January 12, 2021 by SchiffGold 0 0
For the first time ever, Russia holds more gold than US dollars.
According to a Central Bank of Russia report published this week and analyzed by Bloomberg, gold made up 23% of the Central Bank of Russia’s reserves as of the end of June. The bank’s share of dollar assets dropped to 22%. In 2018, more than 40% of Russian reserves were in dollars.
Russia’s gold holdings eclipsed its dollar reserves last year despite a halt in gold purchases. This was partly due to an increase in the value of its gold holdings with the rise in gold prices, and partly a function of the central bank’s continued efforts to shed dollar assets.
Russia’s shrinking dollar reserves was no accident. It was an intentional “de-dollarization” policy outlined by President Putin to lower the country’s exposure to the United States and shield it from the threat of US sanctions.
Gold now ranks as the second-largest component of Russia’s central bank reserves only behind euros. The Central Bank of Russia has also increased its holdings of yuan. The Chinese currency now makes up about 12% of Russian reserves.
Before ending its purchase program last spring, Russia was the biggest central bank buyer of gold. The Central Bank of Russia bought $4.3 billion worth of the yellow metal between June 2019 and June 2020, according to the report.

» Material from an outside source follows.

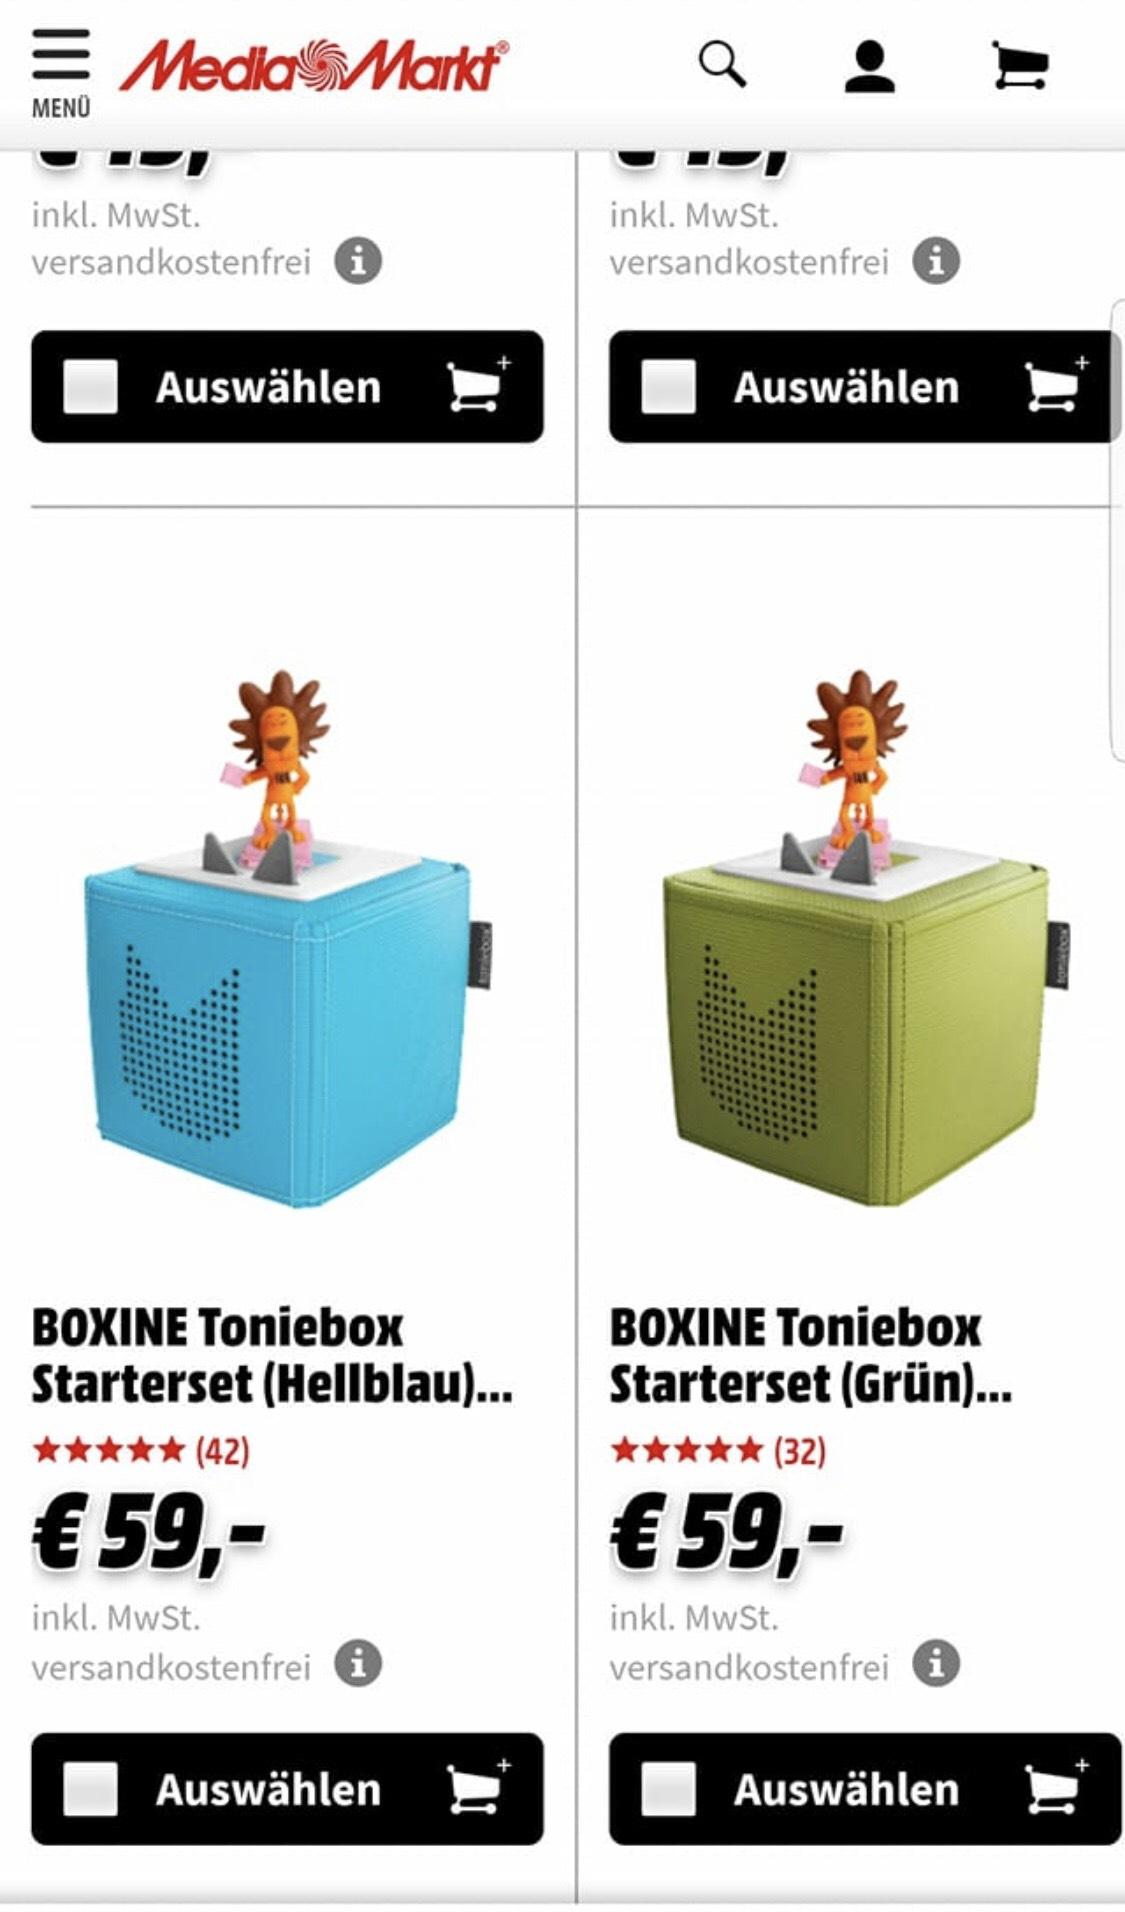 BOXINE Toniebox blau und grün mit Löwe 59Euro/ Content Tonies 12Euro
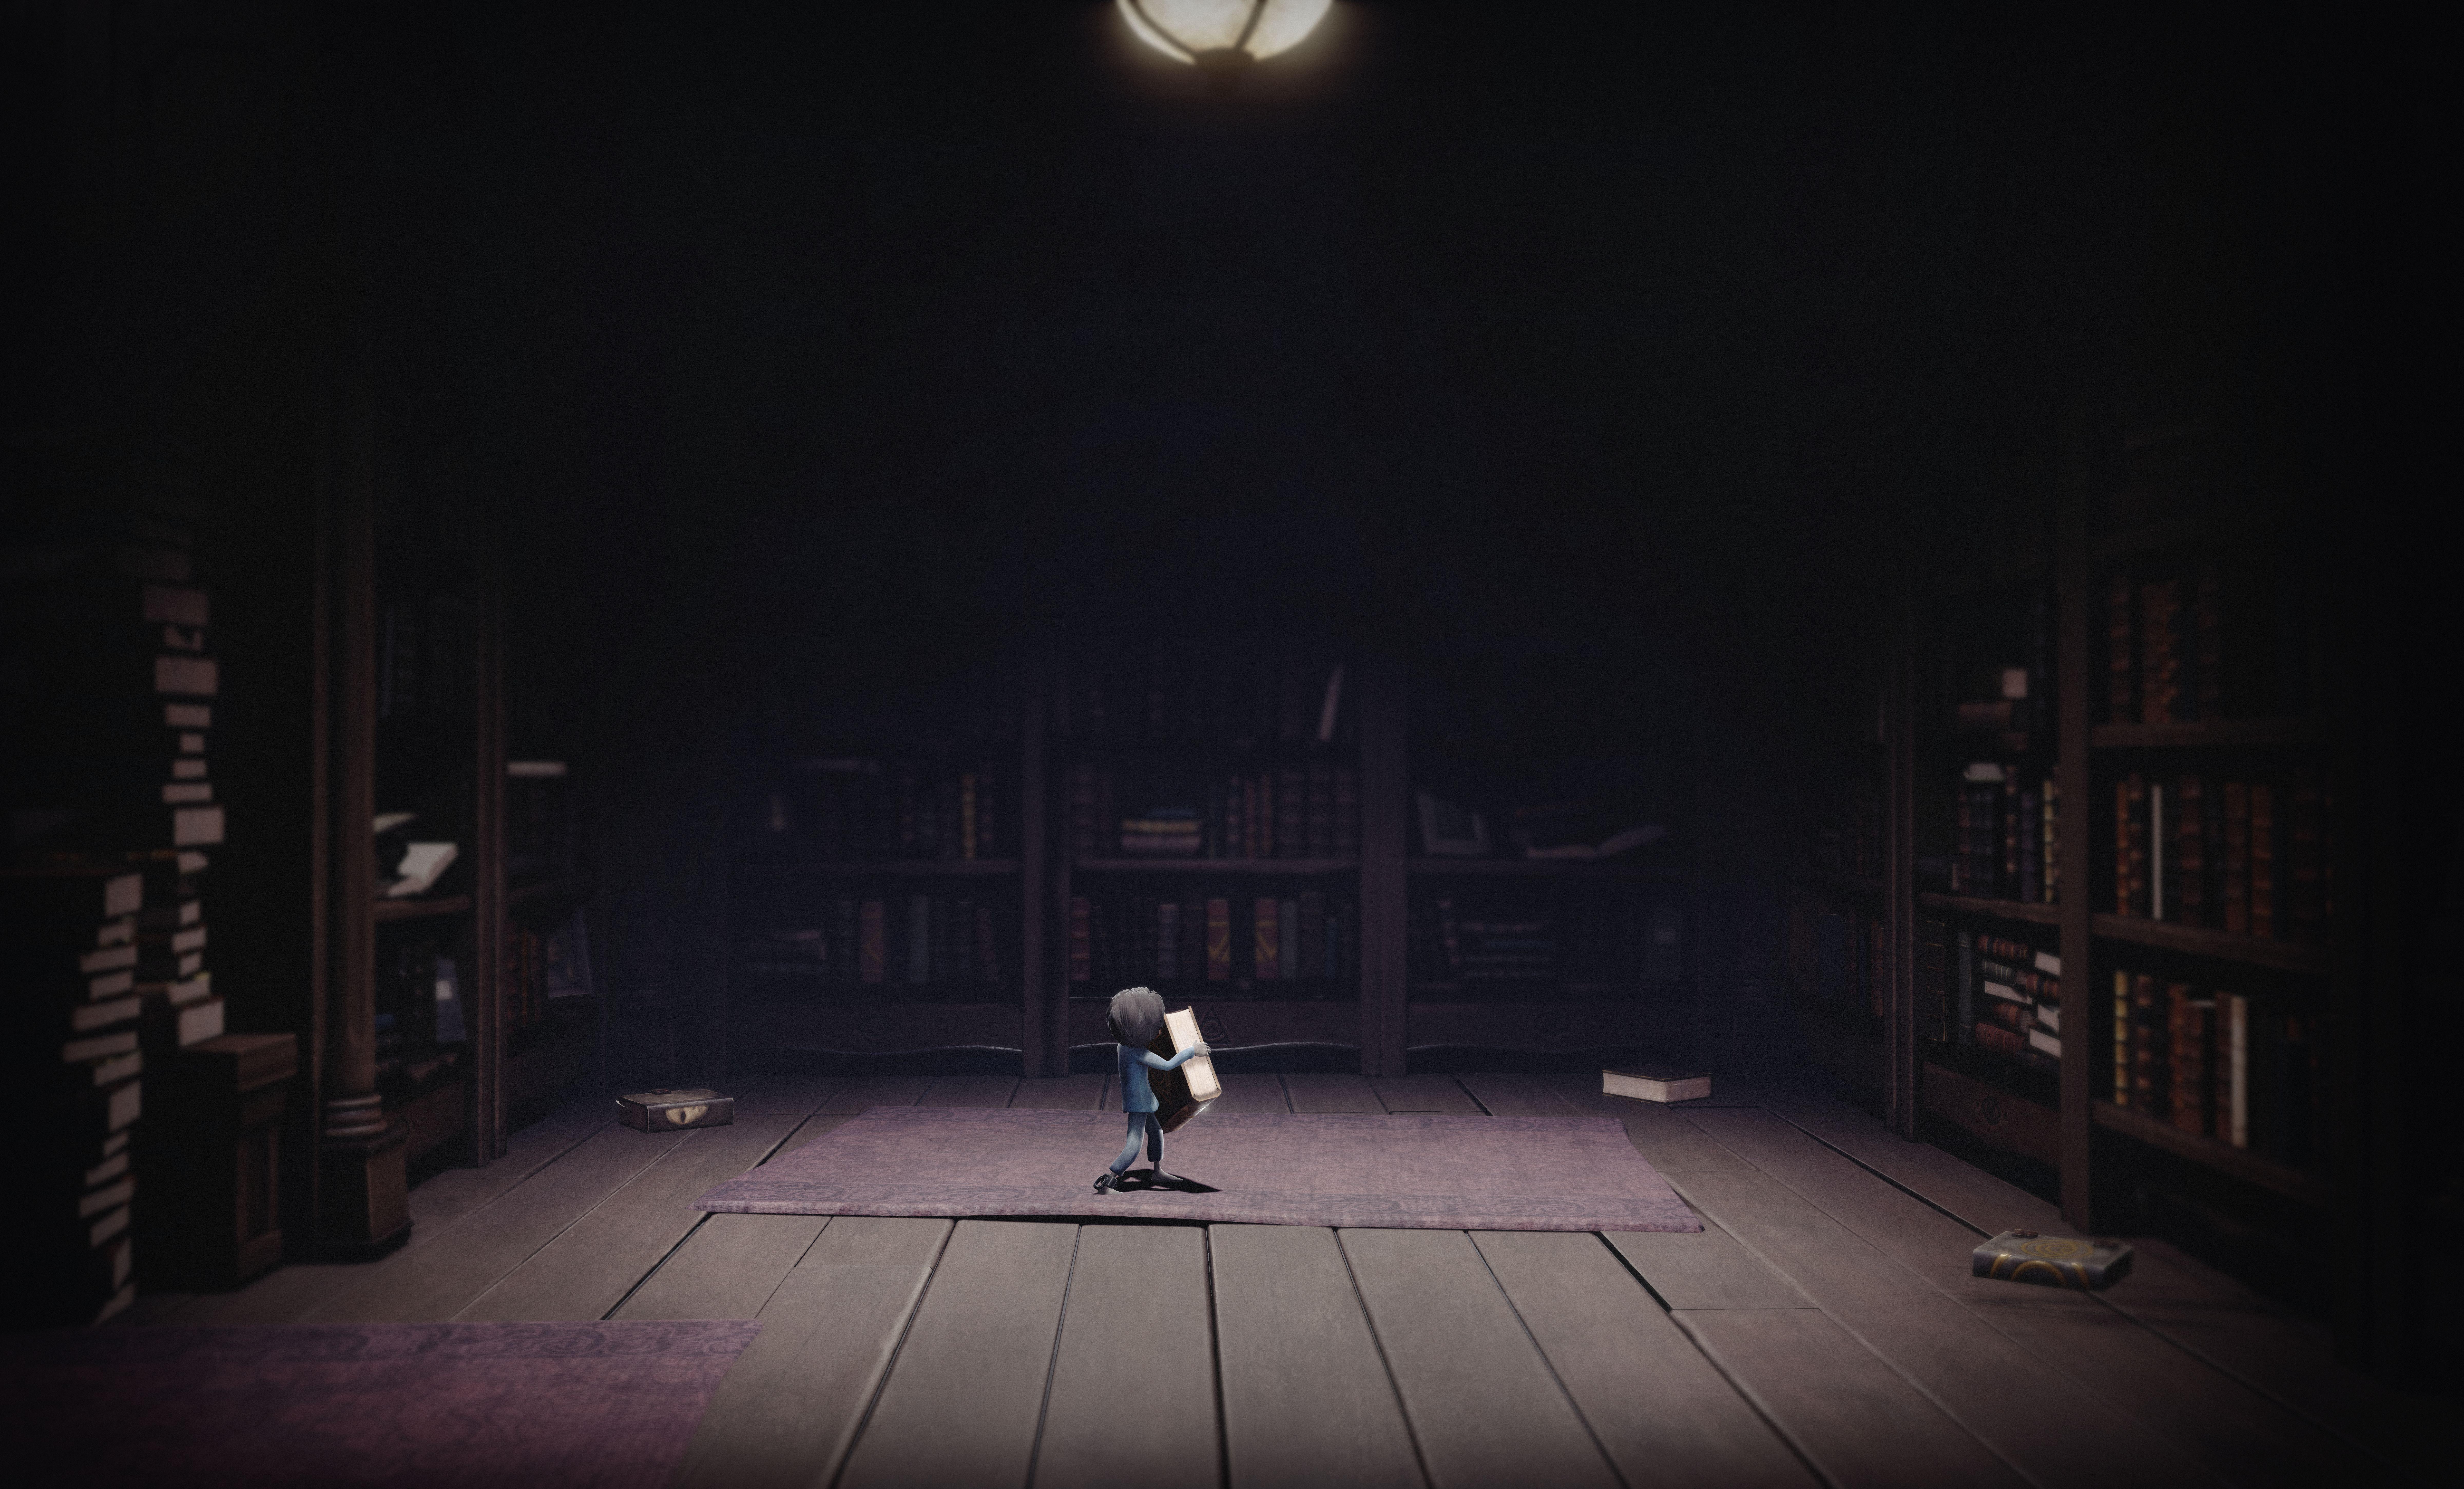 Little-Nightmares_2018_02-23-18_001

But the Russians were buying gold long before that. The Central Bank of Russia bought gold every month from March 2015. According to Bloomberg, “Russia spent more than $40 billion building a war chest of gold over the past five years, making it the world’s biggest buyer.”
In February 2018, Russia passed China to become the world’s fifth-largest gold-holding country.
Meanwhile, the Russian central bank was aggressively divesting itself of US Treasuries. Russia sold off nearly half of its US debt in April 2018 alone, dumping $47.4 billion of its $96.1 billion in US Treasuries.
With the US taking advantage of its privilege as the issuer of the world reserve currency to push its foreign policy agenda across the globe, Russia and other countries have made a concerted effort to minimize exposure to the dollar. Even allies such as the EU have created alternate payment channels to circumvent the dollar-based system. We’ve been watching this de-dollarization trend over the last several years, and have written extensively about the push to minimize dollar exposure by countries like Russia and China and their desire to undermine the ability of the US to weaponize the dollar as a foreign policy tool.
For instance, in 2018, the Russians launched a payment system to serve as an alternative to SWIFT.
SWIFT stands for the Society for Worldwide Interbank Financial Telecommunication. The system enables financial institutions to send and receive information about financial transactions in a secure, standardized environment. Since the dollar is the world reserve currency, SWIFT facilitates the international dollar system.
SWIFT gives the US a great deal of leverage over other countries. The US has used the system as a stick before. In 2014 and 2015, it blocked several Russian banks from SWIFT as relations between the two countries deteriorated. Last fall, the US threatened to lock China out of the dollar system if it didn’t follow UN sanctions on North Korea.
Taken in isolation, Russia’s aggressive de-dollarization isn’t significant. But if the trend continues in other countries, it could eventually threaten the dollar’s role as the reserve currency. Last summer, a Goldman Sachs research note warned that the dollar’s role as the world reserve currency is at risk.